Gov’t Puts Children ‘In the Hands of Criminals’: HHS Whistleblower

“We don’t get sued by traffickers.”

QUICK FACTS:
  • A whistleblower from the U.S. Department of Health & Human Services (HHS) revealed to Project Veritas that taxpayer dollars are being used to “put children in the hands of criminals.”
  • Tara Lee Rodas gathered this information while working with HHS and argued that government workers give children to traffickers because they “don’t get sued by traffickers.”

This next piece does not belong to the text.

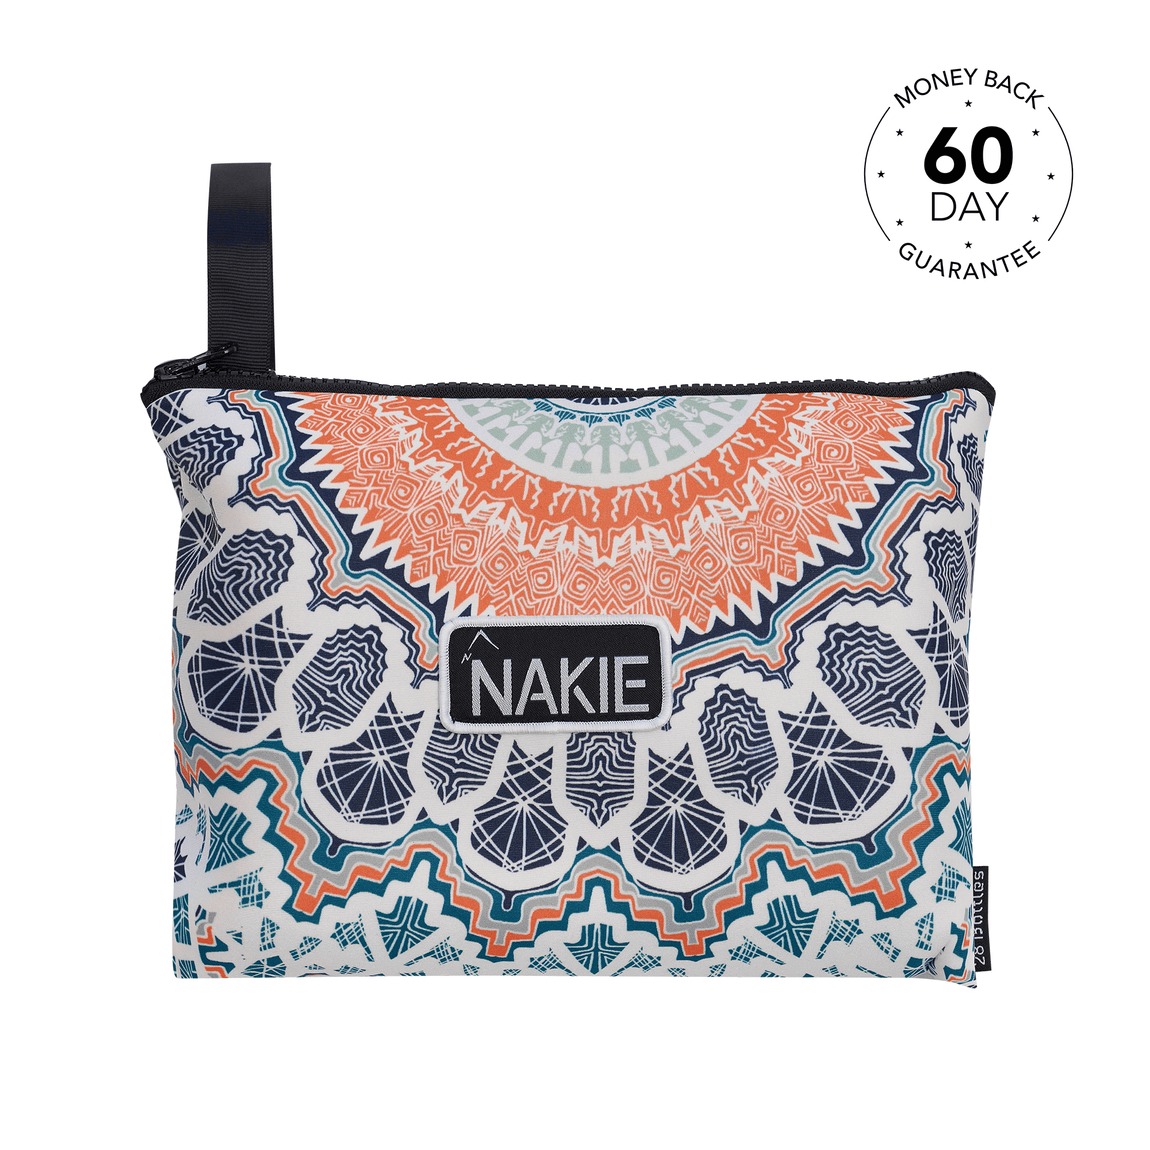 Captivating studio shot presenting Nakie's beach towel, highlighting its vibrant patterns and quick-drying fabric, essential for beach-goers seeking both style and functionality
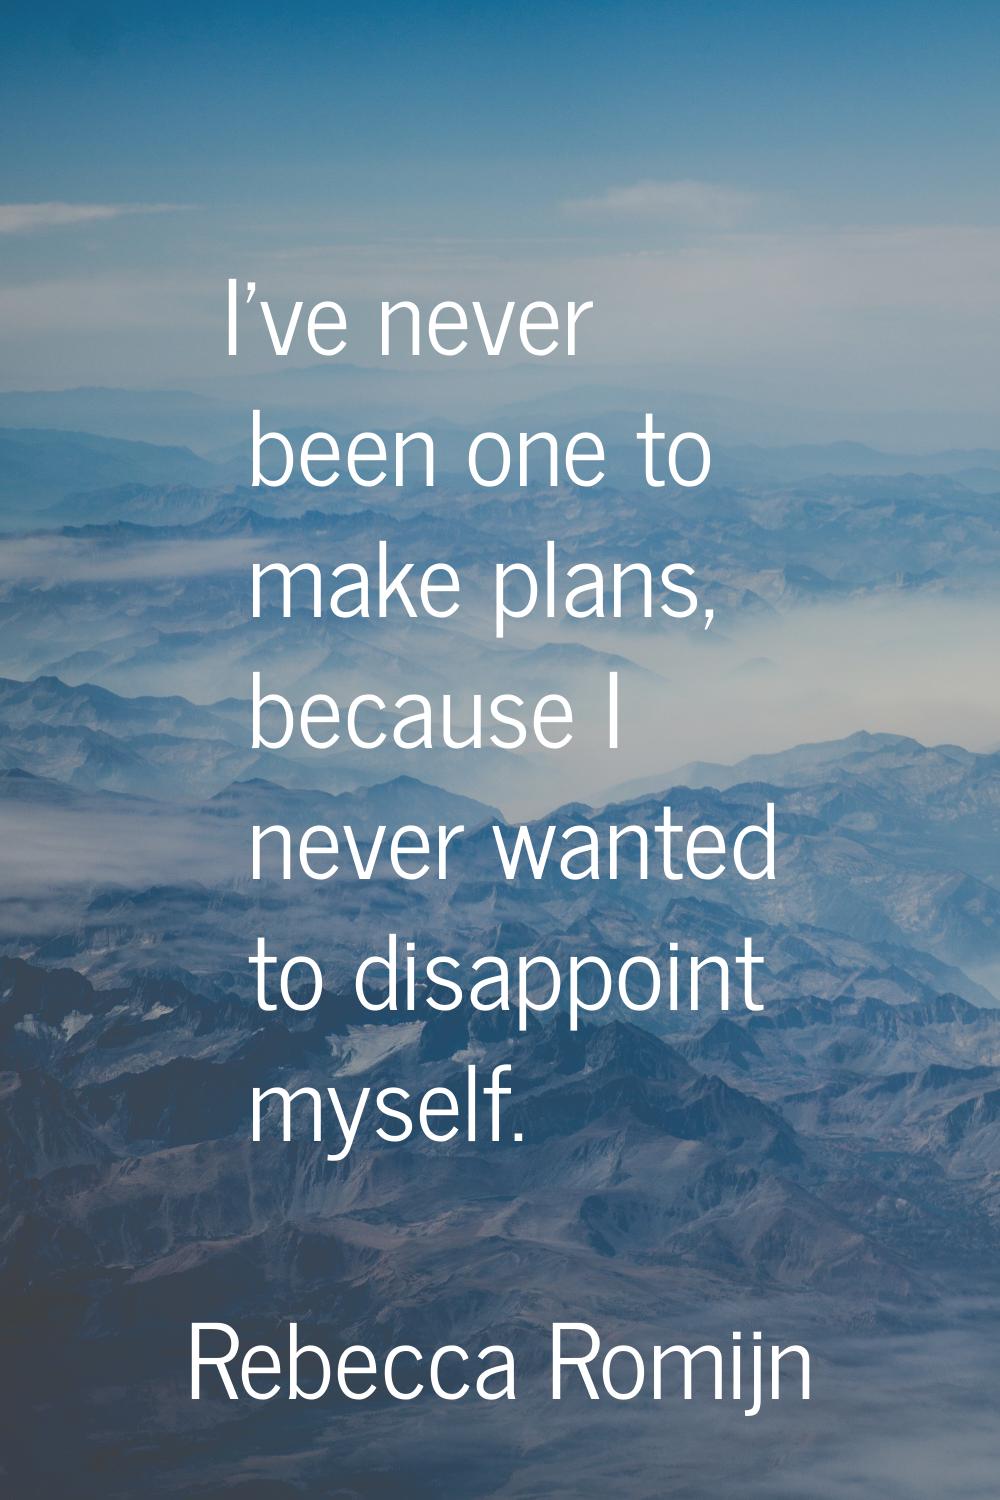 I've never been one to make plans, because I never wanted to disappoint myself.

  • One female migrant child who was interviewed said, “An aunt [sponsored me], but she kicked me out of her house. She was pimping me and I didn’t like that. She would pimp me to men.”
FROM THE WHISTLEBLOWER:
  • Rodas detailed how the department works, saying, “The tax dollars of people who are listening [to my testimony to Project Veritas] are paying to put children in the hands of criminals.”
  • “Our sponsors typically are not citizens. They’re not permanent residents. They don’t have a legal presence,” the government official went on. “The sponsor can hold up an ‘Order of Deportation’ to a [migrant] child and say, ‘This is your Order of Deportation. If you do not do what I say, when I say, I’m going to call ICE on you myself.’ We are paying to put children in the hands of criminals.”
  • “I said [to the command center executives], ‘We’re getting ready to send another child [to Austin, Texas],’ and they said, ‘Tara, I think you need to understand that we only get sued if we keep kids in care too long. We don’t get sued by traffickers. Are you clear? We don’t get sued by traffickers.’ So, that was the answer of the United States federal government… HHS did not want this information to get out.”
  • “They knew I had made protected disclosures and they retaliated against me as a whistleblower and had me kicked off the site so I could no longer research the cases.”
BACKGROUND:
  • In October, officials in Arizona arrested 16 suspects who were connected with an alleged child human trafficking ring, American Faith previously reported.
  • The suspects were found when detectives posed as minors online, speaking to suspects, leading to information that facilitated the arrests.